The rapid growth in research exploiting deep learning to predict mechanical systems has revealed a new route for system identification; however, the analytic model as a white box has not been replaced in applications because of its open physical information. In contrast, the models generated by end-to-end learning usually lack the ability of physical analysis, which makes them inapplicable in many situations. Consequently, high-accuracy modeling with physical analyzability becomes a necessity. In this paper, we introduce bidirectional dynamic neural networks, a deep learning framework that can infer the dynamics of physical systems from control signals and observed state trajectories. Based on forward dynamics, we train the neural ordinary differential equations in a trajectory backtracking algorithm. With the trained model, the inverse dynamics can be calculated and based on $$\textit{Lagrangian}$$ $$\textit{Mechanics}$$ , the physical parameters of the mechanical system can be estimated, including inertia, Coriolis and centrifugal forces, and gravity.

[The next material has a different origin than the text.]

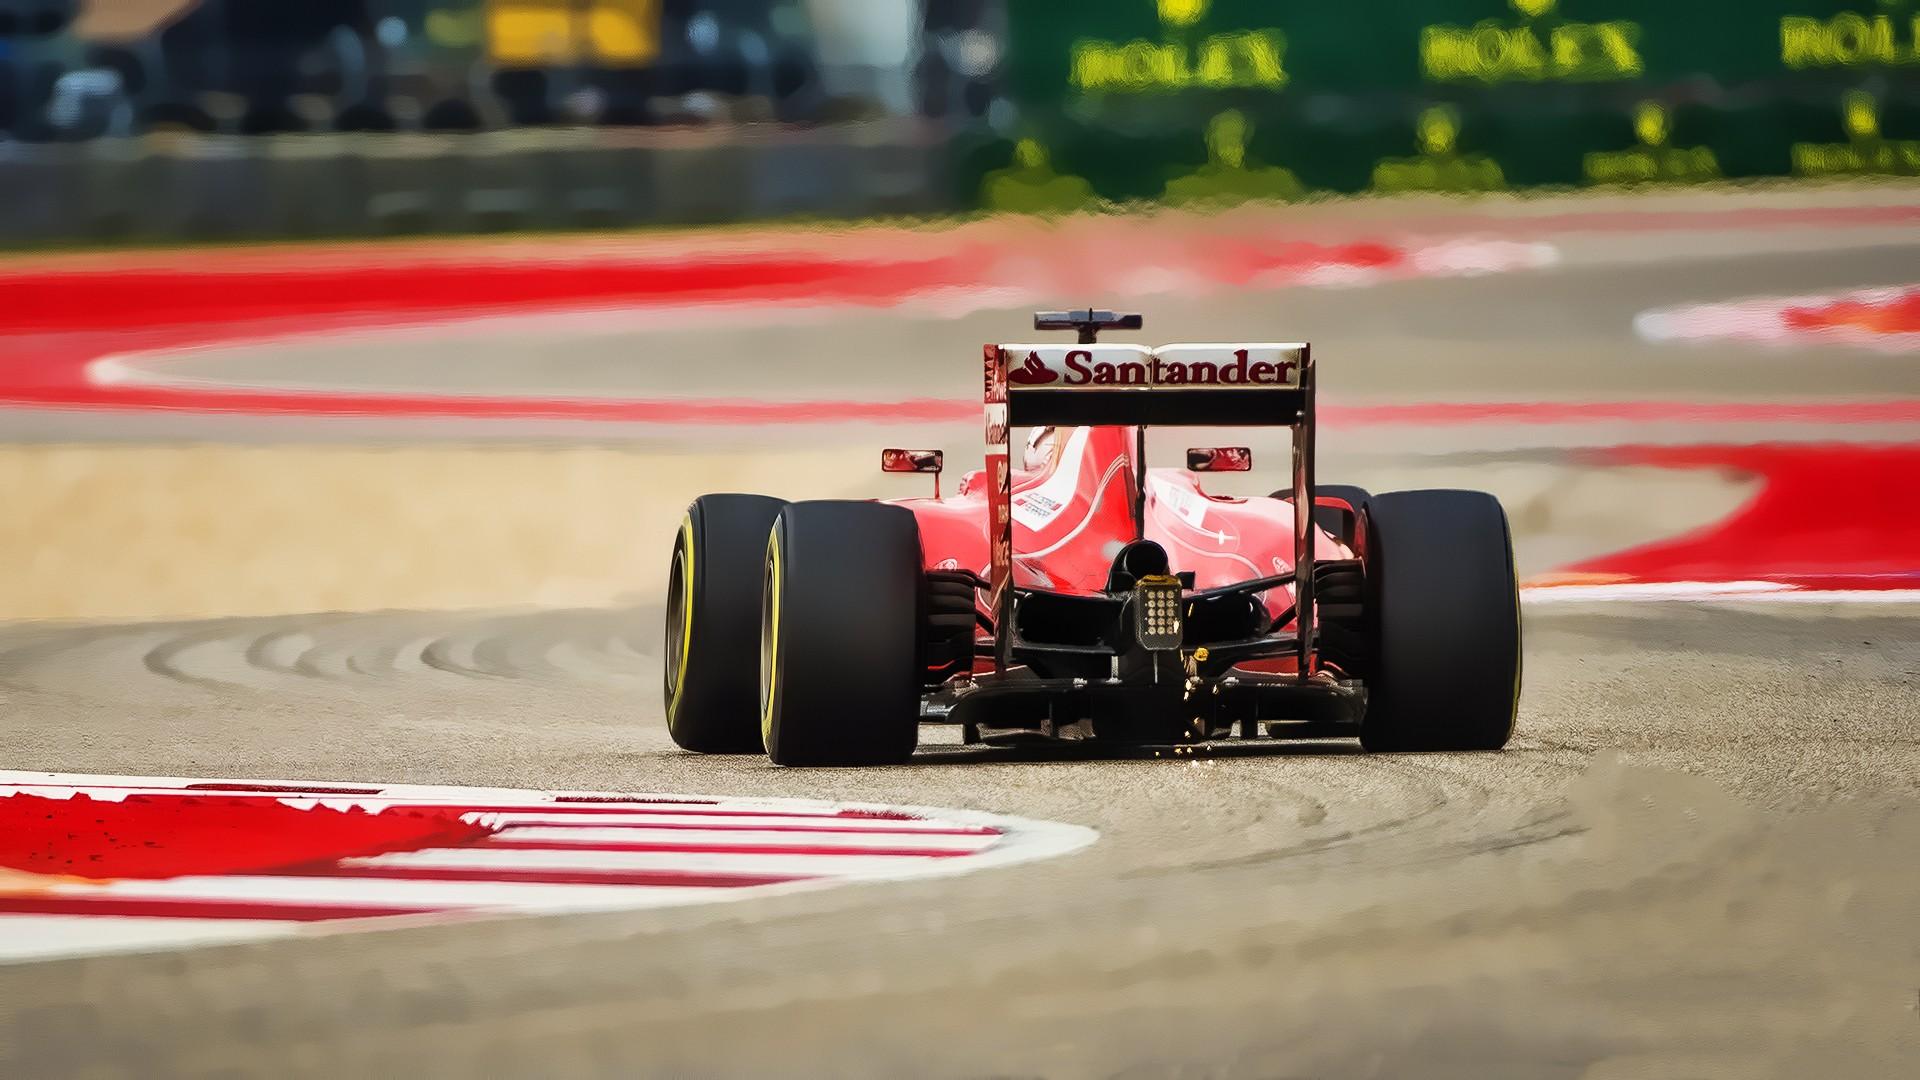 Wallpaper : Sports, Vehicle, Formula 1, Ferrari, Structure, Supercar,  Motorsport, Sport Venue, Automotive Design, Race Car, Race Track, Auto  Racing, ...

As a result, the model can seamlessly incorporate prior knowledge, learn unknown dynamics without human intervention, and provide information as transparent as analytic models. We demonstrate our method on simulated 2-axis and 6-axis robots to evaluate model accuracy, including physical parameters and verified its applicability on real 7-axis robots. The experimental results show that this method is superior to the existing methods. This framework provides a new idea for system identification by providing interpretable, physically consistent models for physical systems.